Stof (materiaal)
Stof in de zin van materiaal is er in drie verschijningsvormen (fasen):
- vaste stof
- vloeistof
- gas of damp
De overgang van vaste stof naar vloeistof heet smelten. Omgekeerd heet het stollen. Van vloeistof naar gas heet verdampen. Omgekeerd heet het condenseren. Van vaste stof naar gas (damp) heet sublimeren. Bij de directe overgang van gas naar vaste stof spreekt men van neerslaan, desublimeren of (ver)rijpen.
Sommige stoffen veranderen door de aanwezigheid van zuurstof. IJzer kan bijvoorbeeld verroesten. De samenstelling van roest is anders dan het ijzer zelf. Officieel heet roest van ijzer ijzeroxide. Een verbinding van het element ijzer met zuurstof.
Ook keukenzout is een stof, met de chemische samenstelling van chloor en natrium. Een stof kan dus ook een bepaalde smaak of geur hebben.
De meeste stoffen of materialen zijn een samenstelling van meerdere chemische elementen. Zo is plastic een kunststof, (chemisch) samengesteld uit koolstof, zuurstof en waterstof.
Beton is chemisch samengesteld uit calcium, waterstof, zuurstof en silicium.
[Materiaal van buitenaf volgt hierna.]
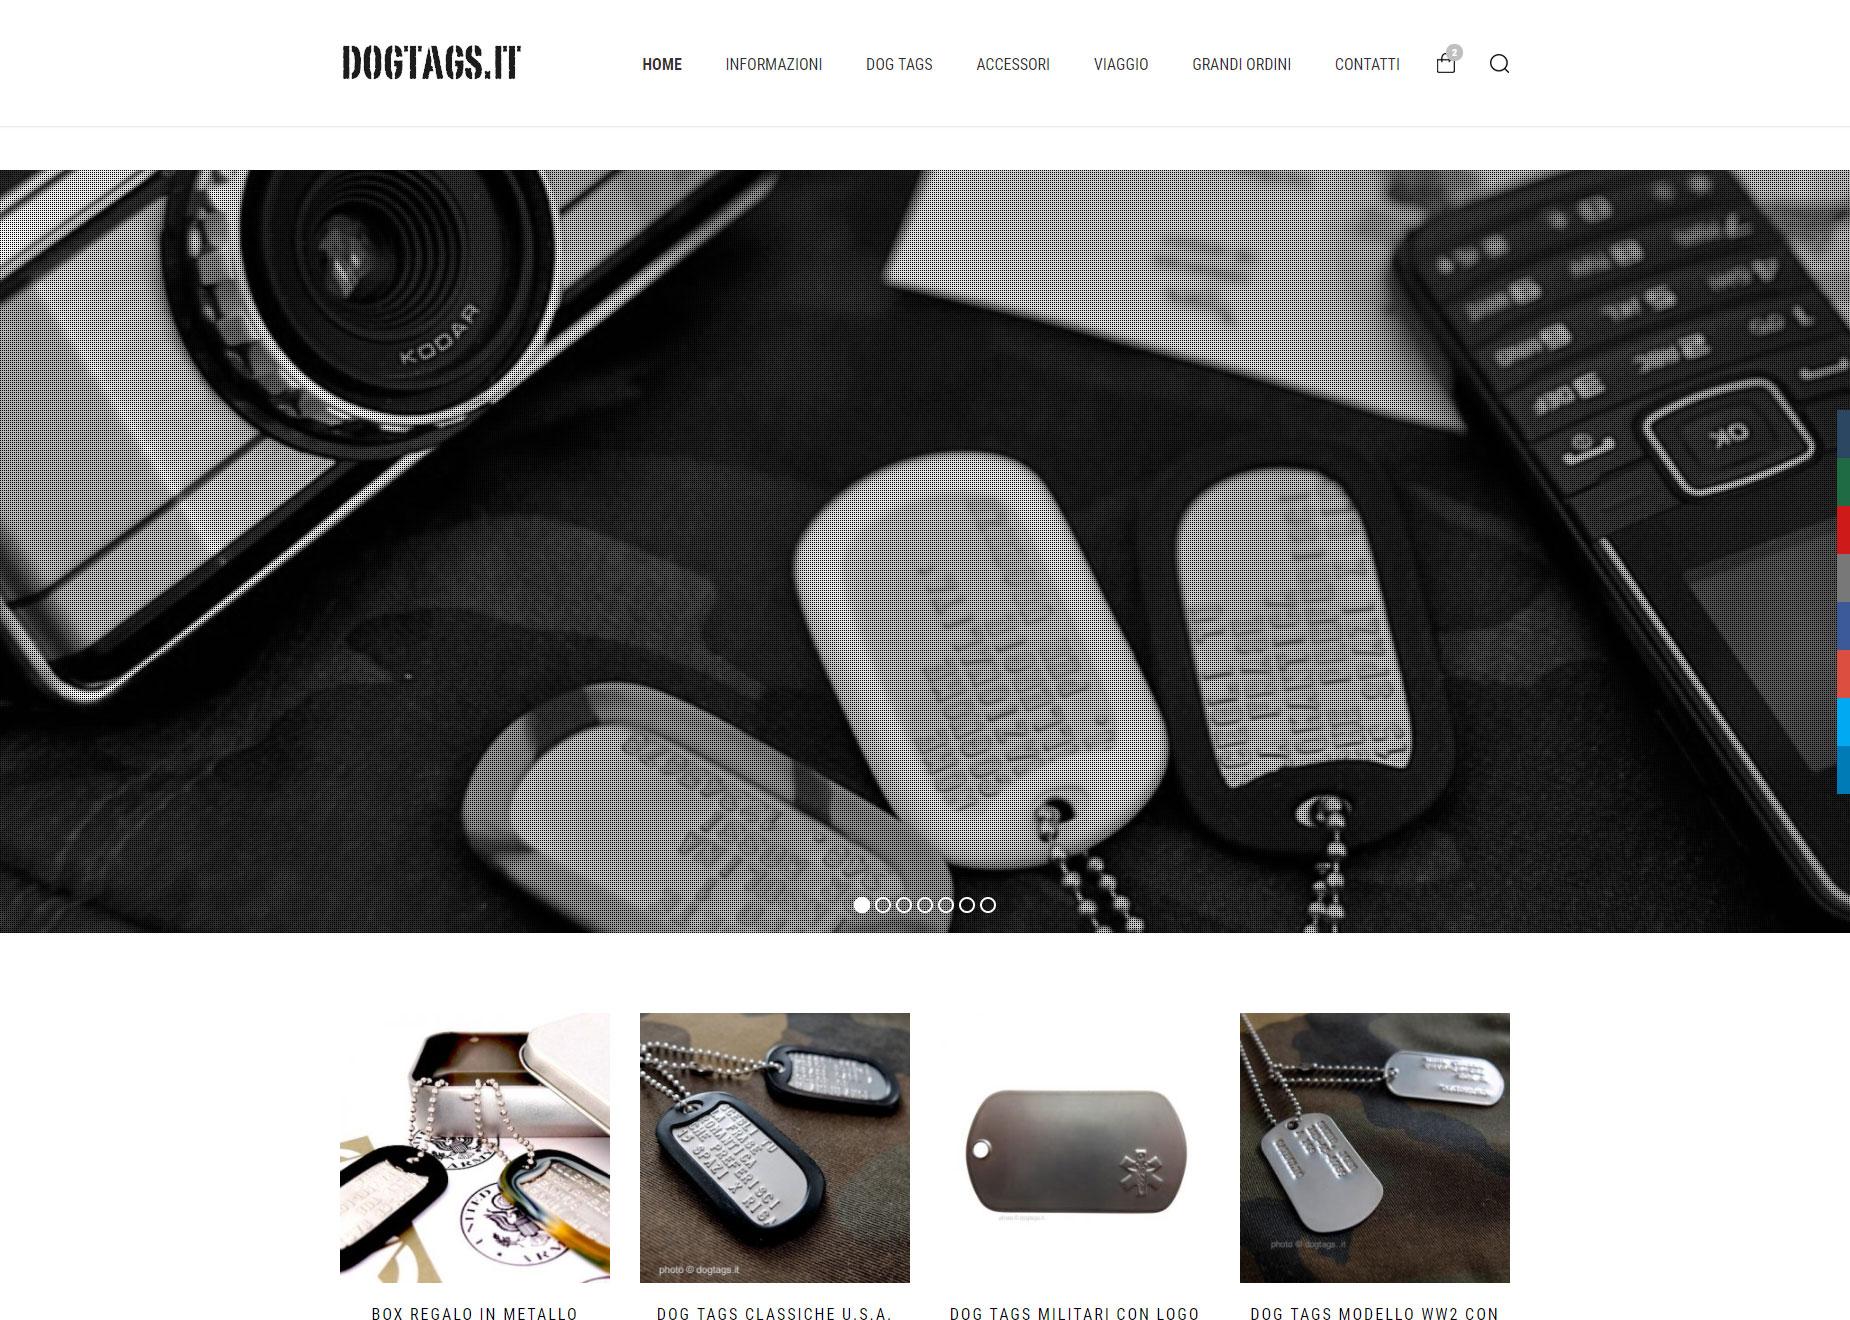 screencapture-dogtags-it-2018-04-17-09_36_54

Maar gebruikelijker is te spreken van de stoffen zand, grind, cement en water, die op hun beurt een eigen chemische samenstelling hebben. Zo bestaat zand voor een groot deel uit silicium. Water bestaat uit de elementen waterstof en zuurstof. Hout is een natuurlijk materiaal, opgebouwd uit vezels met daartussen lucht. Eigenlijk bestaat hout uit cellulose, hemicellulose en lignine. Strikt genomen is cellulose een ingewikkelde chemische verbinding van koolstof, zuurstof en waterstof. Maar weer in een andere vorm dan bijvoorbeeld plastic.
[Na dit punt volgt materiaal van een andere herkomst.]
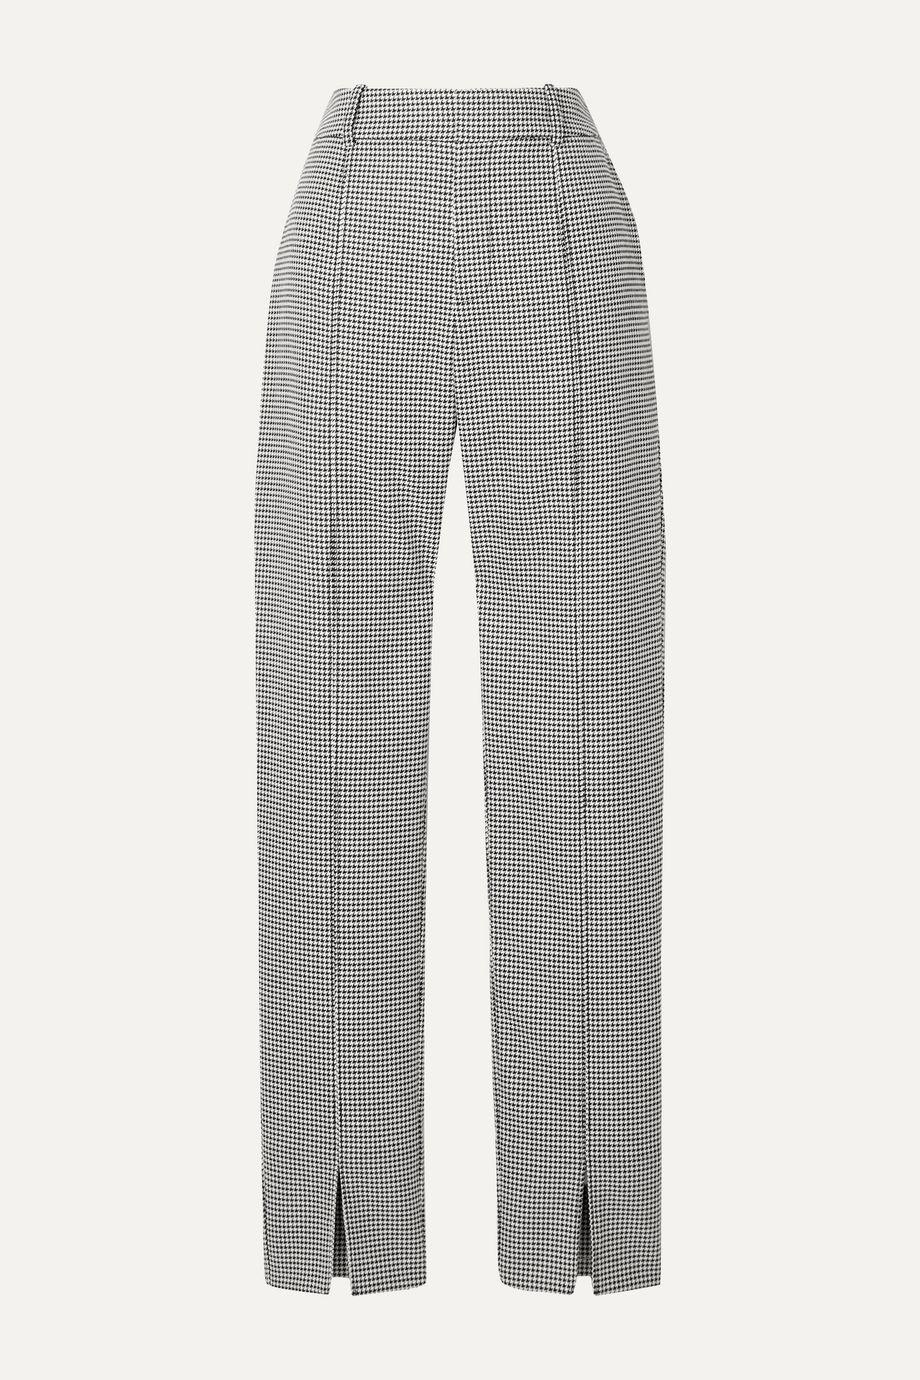 Jason Wu Houndstooth woven straight-leg pants

Deze voorbeelden geven aan dat stoffen een ingewikkelde chemische samenstelling kunnen hebben. Bij het vak scheikunde leer je hoe dat precies zit en hoe de chemische industrie nieuwe stoffen kan maken.
Ook wij mensen bestaan uit allerlei stoffen. Wist je dat je lijf voor zo'n 70% uit water bestaat? Bij een dood lichaam spreken ze van een stoffelijk overschot. In de bijbel staat: "Gij zijt uit stof, en tot stof zult gij wederkeren".
Eigenschappen
Elke stof heeft bepaalde (fysieke en uiterlijke) eigenschappen of kenmerken. Vaak kun je spreken van tegenoverstelingen als je stoffen met elkaar vergelijkt:
- sterk - slap
- licht - zwaar
- soepel of buigzaam - star of stijf
- hard - zacht
- dicht of massief - bros of luchtig
- Oplosbaar - onoplosbaar
- Lichtdoorlatend of doorschijnend - niet licht doorlatend
Ook hebben stoffen dus een eigen geur, smaak en een eigen kleur. Ook geluid speelt een rol. Bovendien kan de ene stof beter tegen hitte of juist kou bestand zijn dan de andere stof. Ook de brandbaarheid van een stof is een eigenschap. Sommige stoffen lossen op in water (denk aan suiker) of in andere vloeistoffen zoals zuren.
Afvalstoffen?
Tegenwoordig kun je eigenlijk nauwelijks meer spreken van afvalstoffen. Spullen die we weggooien kunnen hergebruikt worden of het afval wordt zo verwerkt dat je weer kunt spreken van grondstoffen, waar weer nieuwe spullen van kunnen worden gemaakt. Dit kennen we als recyclen. Grondstoffen zijn materialen of stoffen die we in beginsel halen uit de ons omringende natuur.